Visual and Performing Arts

  • Students are required to complete Twenty (20) units of either Visual and Performing Arts and/or Career Technical Education for graduation.

    Visual arts students create art using a variety of drawing, painting, printmaking and sculpture media, including ceramics. The creation of art is combined with the study of Art History, analyzing art, and connecting art to careers. Performing arts includes dance, music and theater. The emphasis for dancers is on Mexican traditional dance and its related disciplines. Musicians learn to read music and play an instrument, develop technical proficiency, and perform for parades, field shows, concerts, contests, and pep band throughout the school year. Vocal music students learn the basics of good vocal sound, breath support, and articulation and to express themselves in both group and solo settings. Theater students perform as actors, designer technicians and audience members and at the end of the year, will create, produce, and perform their own show.

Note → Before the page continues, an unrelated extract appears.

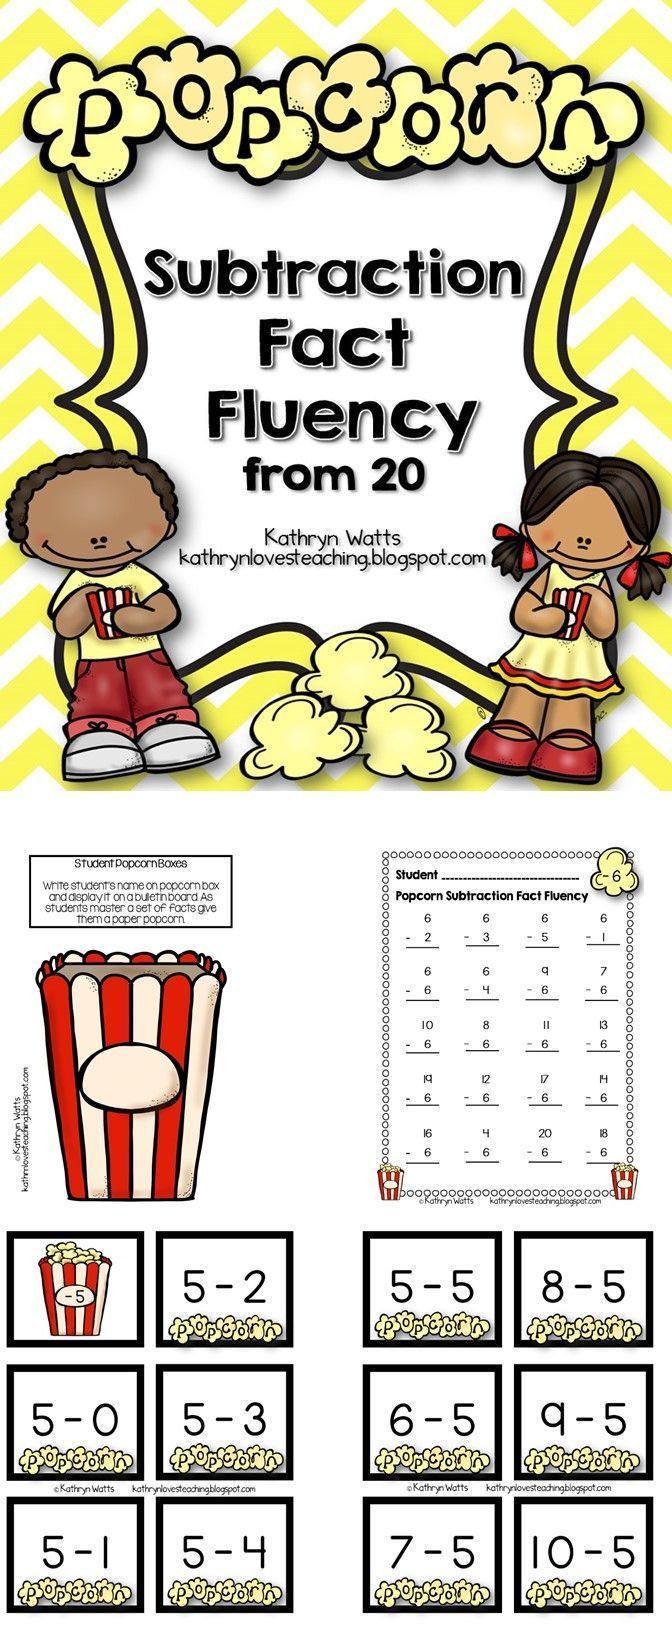 85535 best Education K-5 images on Pinterest | Teaching ideas ...

Career Technical Education

  • Students are required to complete Twenty (20) units of either Visual and Performing Arts and/or Career Technical Education for graduation.  

    Career and Technical Education is a program of study that involves a multiyear sequence of courses that integrates core academic knowledge with technical and occupational knowledge to provide students with a pathway to postsecondary education and careers. Our courses teach high school students to succeed in careers and college in a professional, hands-on environment. Courses are offered within a variety of industry sectors where students can explore and develop technical skills that will lead them to higher education or into the workplace.